1.6.1.1.2. Exact decimal numbers¶
Decimal number types allow for exact storage of numbers that have digits to the right of the decimal point, e.g., 1234.56789. These numbers are exact (unlike the floating point types described below) and permit exact mathematical operations where possible (addition, subtraction, and multiplication). The two defined types for SQL are NUMERIC and DECIMAL, which are synonyms of each other. These types may be defined with parameters representing precision and scale, where precision is the number of significant digits that can be stored, and scale is the number of digits following the decimal point. If the precision is given, but not the scale, the scale defaults to zero.
For example, in most implementations:
NUMERIC(3, 2) defines a type that can store the values between -999.99 and 999.99, with a maximum of 2 digits past the decimal point.
NUMERIC(4) defines a type that can store integers between -9999 and 9999.
NUMERIC defines a type that can exactly store decimal values with implementation-defined precision and scale.
Different implementations behave differently when an attempt is made to store values with more digits than are allowed by the specified precision and scale. This may result in an error, or (in the case of too many digits to the right of the decimal point), it may result in rounding or truncation of the value.
Decimal number types are particularly important for the storage of monetary data, where exact addition, subtraction, and multiplication is necessary.
1.6.1.1.3. Floating point numbers¶
Floating point number types allow for a possibly inexact storage of real numbers, similar (or sometimes identical to) the IEEE 754 specification. The SQL standard defines the types FLOAT, REAL, and DOUBLE PRECISION (often abbreviated DOUBLE), but implementation of these types vary. These types can support extremely large and extremely small numbers, and are most useful in scientific and mathematical applications.
1.6.1.2. Character string types¶
There are several data types for storing character data in SQL; again, actual implementations vary. See Appendix B - Character string types for a full discussion of character string types.
The type CHARACTER, usually abbreviated as CHAR, is used for fixed-length strings. The type CHAR is followed by parentheses enclosing the length of the string. All values in a column of type CHAR(4), for example, must contain exactly 4 characters. In practice, many databases relax the “exactly” part of the definition and allow for shorter strings to be stored, although they may pad the value with trailing space characters. Attempting to store strings longer than n usually results in an error.
CHARACTER VARYING is usually abbreviated as VARCHAR, and is used for strings of varying length up to some maximum, which must be specified just as with the CHAR type. It is usually an error to attempt to store strings longer than the maximum. (Note for Oracle users: Oracle strongly recommends using their VARCHAR2 type rather than VARCHAR, although both types are recognized.)
Examples:
CHAR(5) can store the strings
'apple'
,'1 2 3'
, or'x '
(with four trailing spaces), but not'x'
or'this is too long'
.VARCHAR(5) can store the strings
'hello'
,'a b'
or'y'
, but not'also too long'
.
One disadvantage to VARCHAR is the need to predict the maximum length of string that you might need to store.
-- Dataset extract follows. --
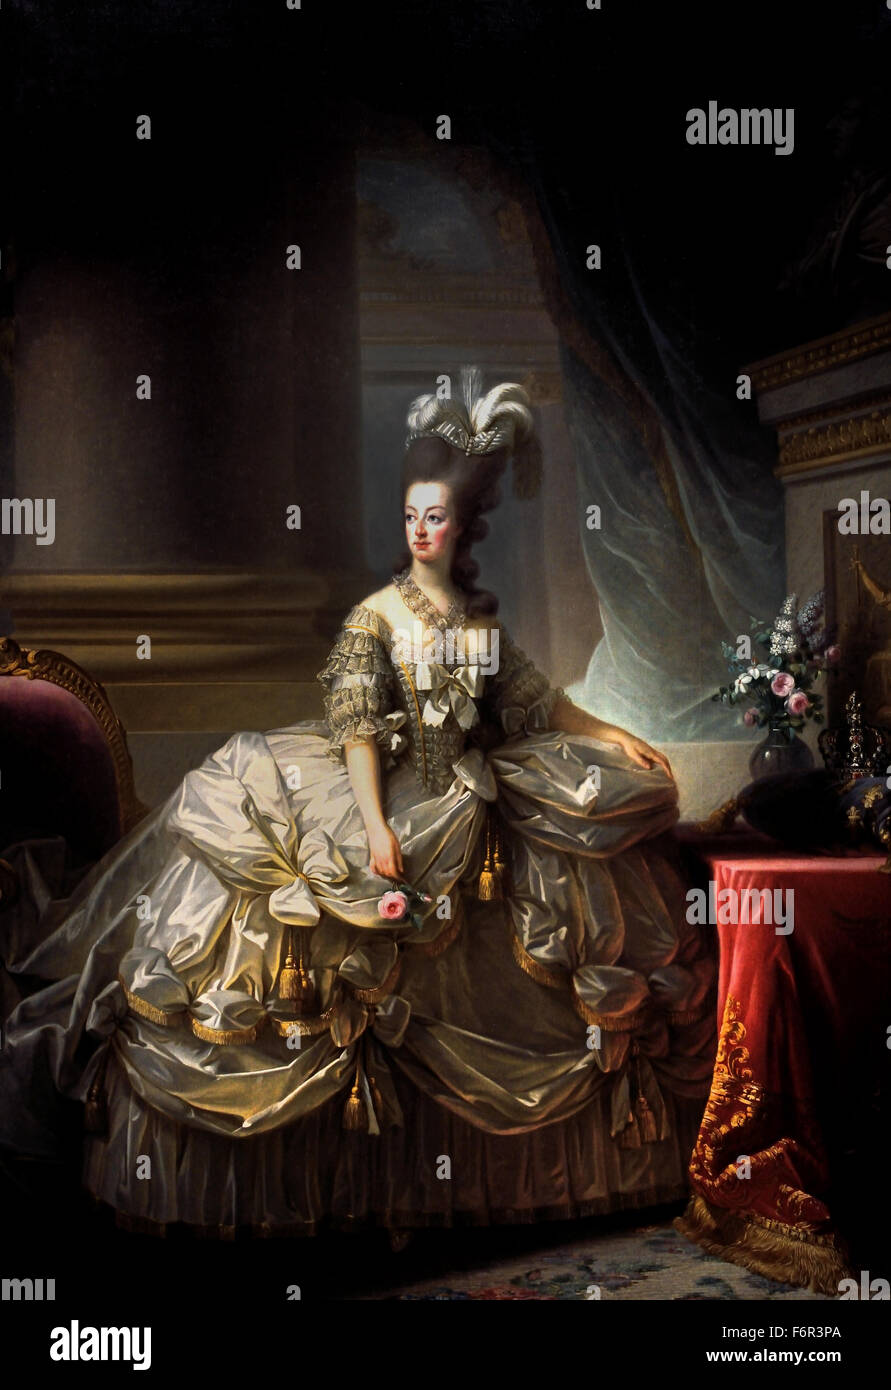 Erzherzogin Marie Antoinette, Königin von Frankreich (1755-1793) Frau von König Louis XVI 1778 Marie Élisabeth Louise Vigée Le Brun 1755 –1842 Paris Französisch Frankreich (Rokoko klassizistischen Maler) Stockfoto

Many databases now implement some type of arbitrary-length character string type, often named TEXT. Some databases impose limitations on this type (such as not allowing its use for indexed columns). Be sure to read your database implementation’s documentation to understand these limitations before using TEXT; if you need portability between databases, it may be best to use VARCHAR with a generous size allocation.
1.6.1.3. Date and time types¶
Management of date and time data is a very complicated affair. Calendars change over time and differ among cultures, time zones vary geographically, and “leap” adjustments to the calendar and clock occur irregularly. SQL provides very robust date and time types along with operations on these types that allow for very precise storage and management of these values. However, here again implementations vary, and you should read your database system’s documentation to understand the fine points. See Appendix B - Date and time types for a full discussion.
There is no standard syntax for date and time literals in SQL. In most cases, strings in some implementation-defined format(s) are used to represent dates and times. Internally, the values may be stored as decimal numbers - offsets from some fixed reference. In this book we will simply use character strings conforming to the ISO 8601 standard. Using this format, dates can be usefully compared - '2001-04-10'
is correctly less than '2014-01-22'
- which also means we can put data in order by date columns. Time values can be trickier due to the possible inclusion of time zones, but we will avoid these complications by simply ignoring them (there are no examples of time values in our database).
1.6.1.4. Additional data types¶
Below is a list of some other data types you might encounter or wish to use in a SQL setting. These are not supported by all database implementations.
SQL defines a Boolean data type (BOOLEAN) which can store the literal values True and False, however, not all databases support this type.
SQL also defines types designed to hold binary data. This can sometimes be useful, although binary data such as images or music files take up a great deal of space. Thus, it is often preferable to store them externally, and only record the information needed to retrieve the files in the database (e.g., a file path or URL).
SQL provides for user-defined types; that is, custom data types created by the database user for specific applications.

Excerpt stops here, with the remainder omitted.